Sharing reproducible data science pipelines using Binder
Objectives
Have a recipe to share a dynamic and reproducible visualization pipeline
Instructor note
20 min presentation and discussion
[this lesson is adapted from https://coderefinery.github.io/jupyter/06-sharing/]
Sharing dynamic notebooks using Binder
In an earlier episode we have created this notebook:
import pandas as pd
import seaborn as sns
# read dataset 1
url = "https://raw.githubusercontent.com/coderefinery/data-visualization-python/main/data/tromso.csv"
data_tromso = pd.read_csv(url, delimiter=";", decimal=",")
# read dataset 2
url = "https://raw.githubusercontent.com/coderefinery/data-visualization-python/main/data/oslo.csv"
data_oslo = pd.read_csv(url, delimiter=";", decimal=",")
# combine data
data = pd.concat([data_tromso, data_oslo], axis=0)
# replace dd.mm.yyyy to date format
data["date"] = pd.to_datetime(data["date"], format="%d.%m.%Y")
# replace "-" by 0
data['snow depth'] = pd.to_numeric(data['snow depth'], errors='coerce')
# finally the plot
plot = sns.relplot(x="date",
y="snow depth",
hue="name",
col="name",
kind="scatter",
data=data)
We will now first share it via GitHub “statically”, then using Binder.
Exercise/demo: Making your notebooks reproducible by anyone (15 min)
Instructor demonstrates this:
Creates a GitHub repository
Uploads the notebook file
Then we look at the statically rendered version of the notebook on GitHub
Create a
requirements.txt
file which contains:pandas==1.2.3 seaborn==0.11.1
Commit and push also this file to your notebook repository.

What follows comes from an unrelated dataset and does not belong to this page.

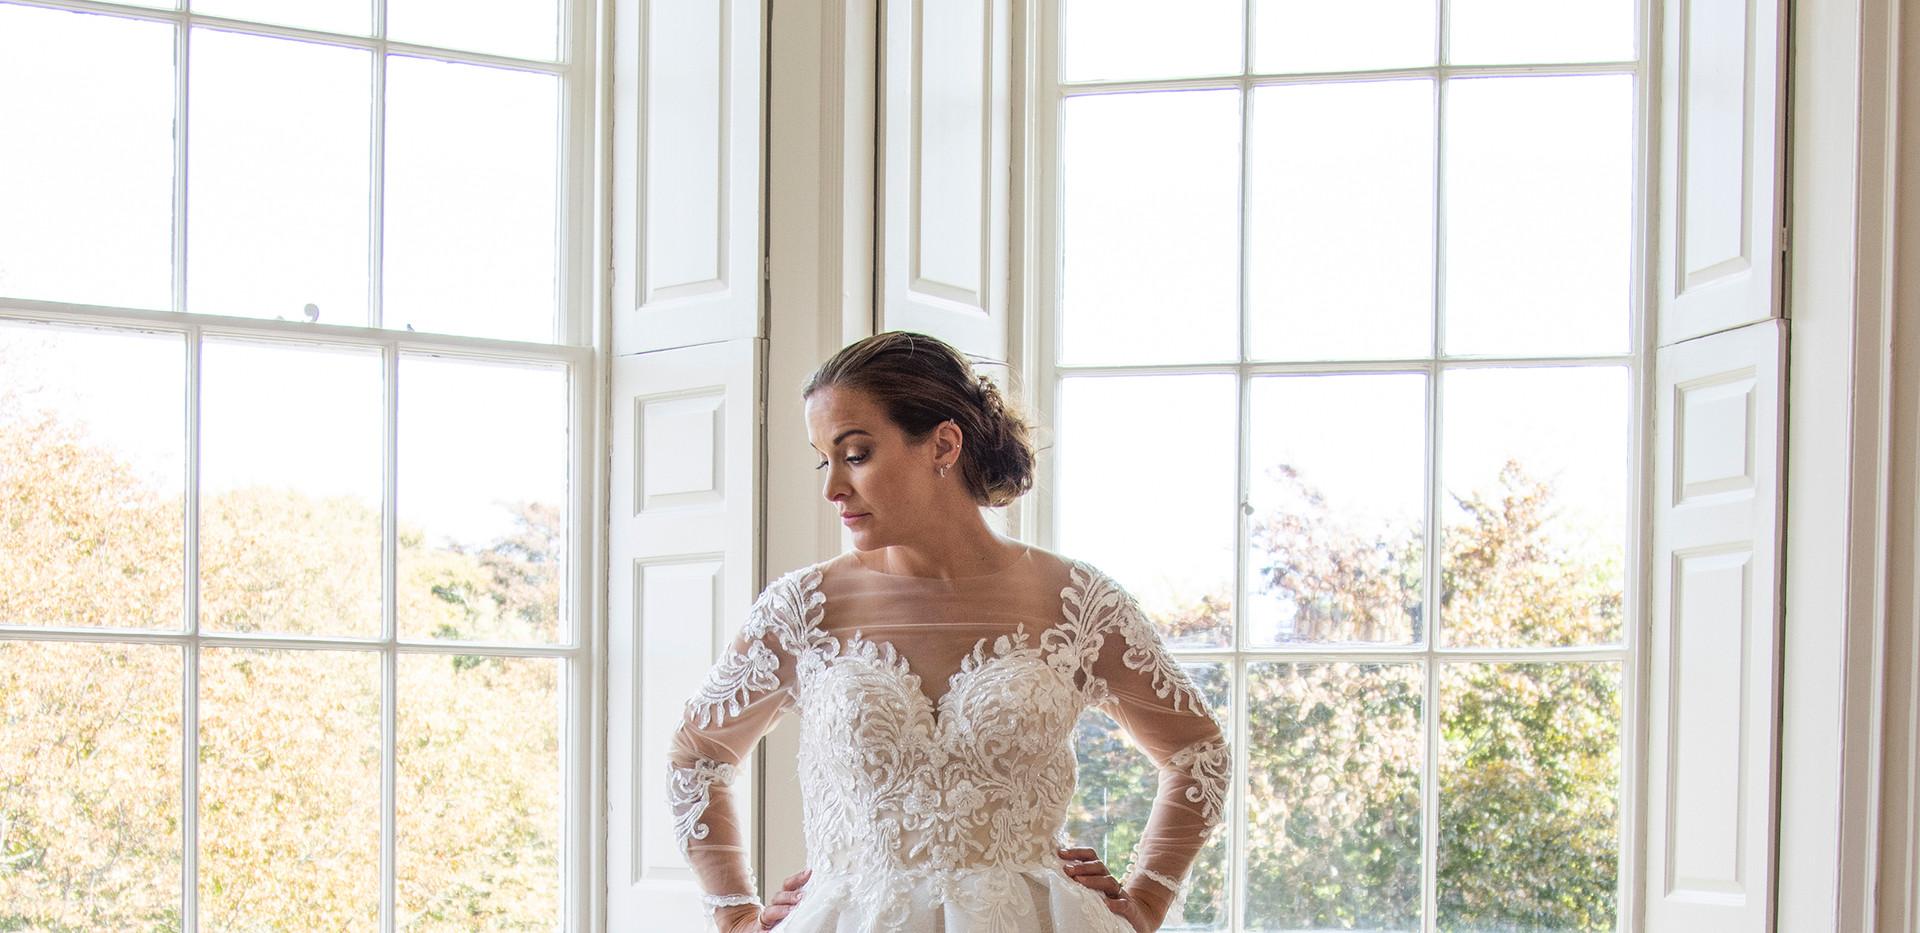 etienne wedding dress

Visit https://mybinder.org:
Check that your notebook repository now has a “launch binder” badge in your
README.md
file on GitHub.Try clicking the button and see how your repository is launched on Binder (can take a minute or two). Your notebooks can now be expored and executed in the cloud.
Enjoy being fully reproducible!